Characterization of CyrI, the hydroxylase involved in the last step of cylindrospermopsin biosynthesis: Binding studies, site-directed mutagenesis and stereoselectivity

Abstract

Cylindrospermopsin, a cytotoxin from cyanobacteria, is biosynthesized by a complex pathway, which involves CyrI, an iron and 2-oxoglutarate dependent hydroxylase that transforms 7-deoxy-cylindrospermopsin into cylindrospermopsin and its epimer, 7-epi-cylindrospermopsin, in the last step. The activity of CyrI from Oscillatoria sp. PCC 7926 depends on Fe(II) (Km = 2.1 μM), and 2-oxoglutarate (Km = 3.2 μM), and is strongly inhibited by 7-deoxy-cylindrospermopsin at concentration higher than 1 μM. Using tryptophan fluorescence, we measured the binding to CyrI of Fe(II) (KD = 0.02 μM) and 2-oxoglutarate (KD = 53 μM and KD = 1.1 μM in the absence or presence of 10 μM Fe(II), respectively). The Oscillatoria sp. PCC 6506 CyrI mutants H157A, D159A, H247A, and R257A were all inactive, and impaired in the binding of Fe(II) or 2-oxoglutarate, confirming the identity of the iron ligands and the role of R257 in the binding of 2-oxoglutarate.
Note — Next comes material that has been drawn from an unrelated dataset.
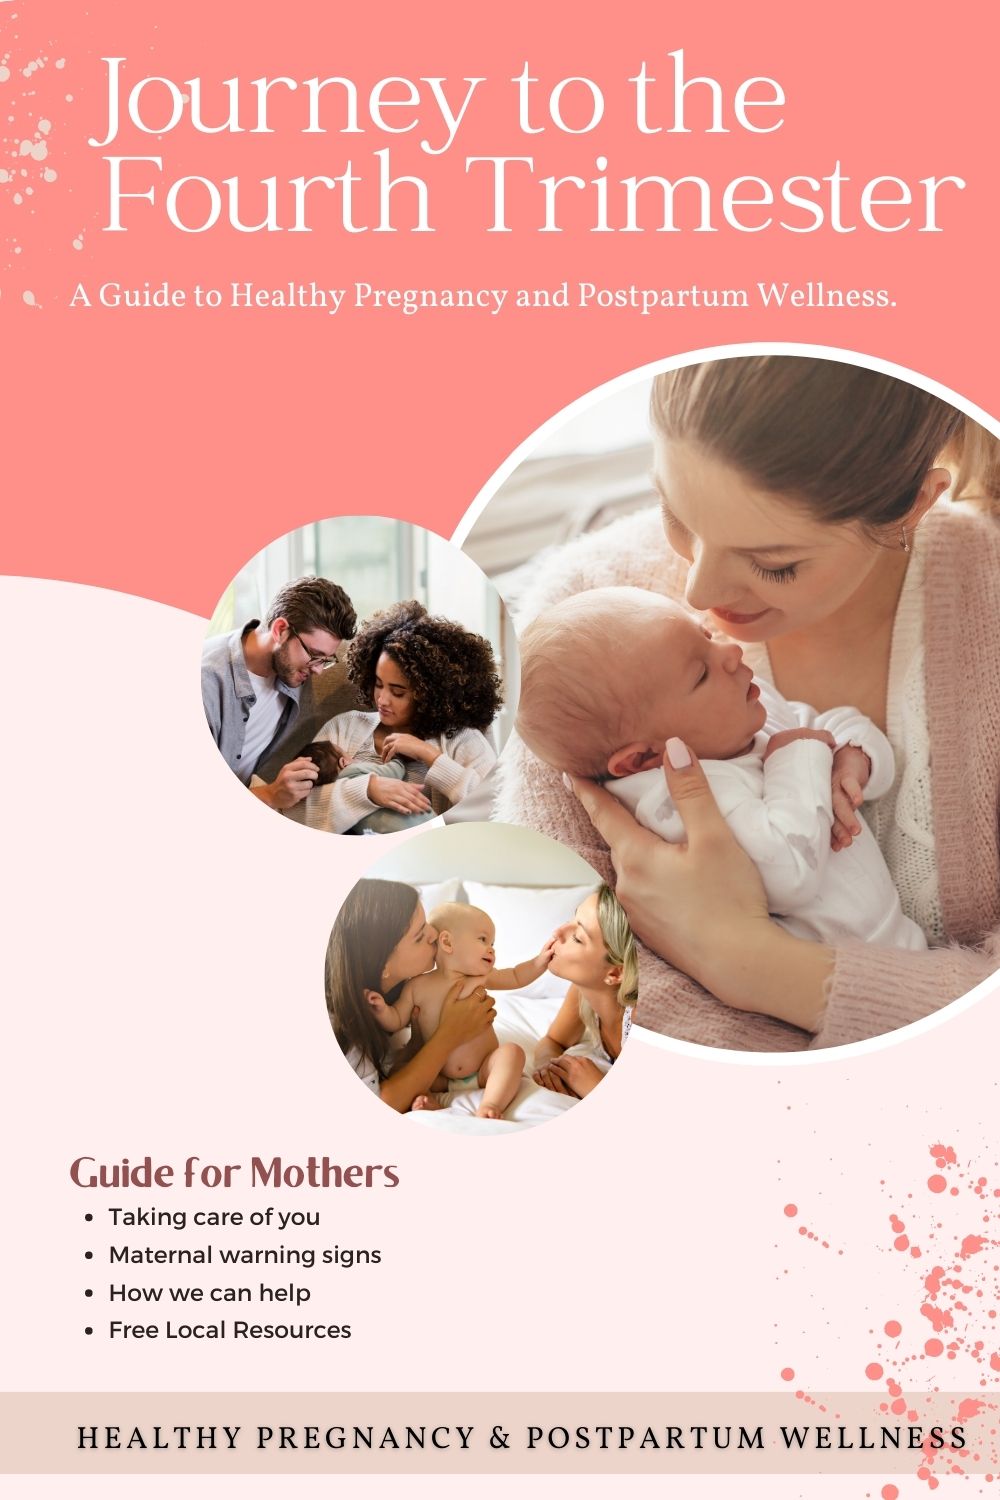 Journey to the Fourth Trimester book 1

We constructed several chimeric enzymes using the Oscillatoria sp. PCC 7926 CyrI protein (stereoselective) and that from Oscillatoria sp. PCC 6506 (not stereoselective) to help understanding the structural factors that influence the stereoselectivity of the hydroxylation. Our data suggest that a predicted α-helix in CyrI (positions 87–108) seems to modulate the stereoselectivity of the reaction.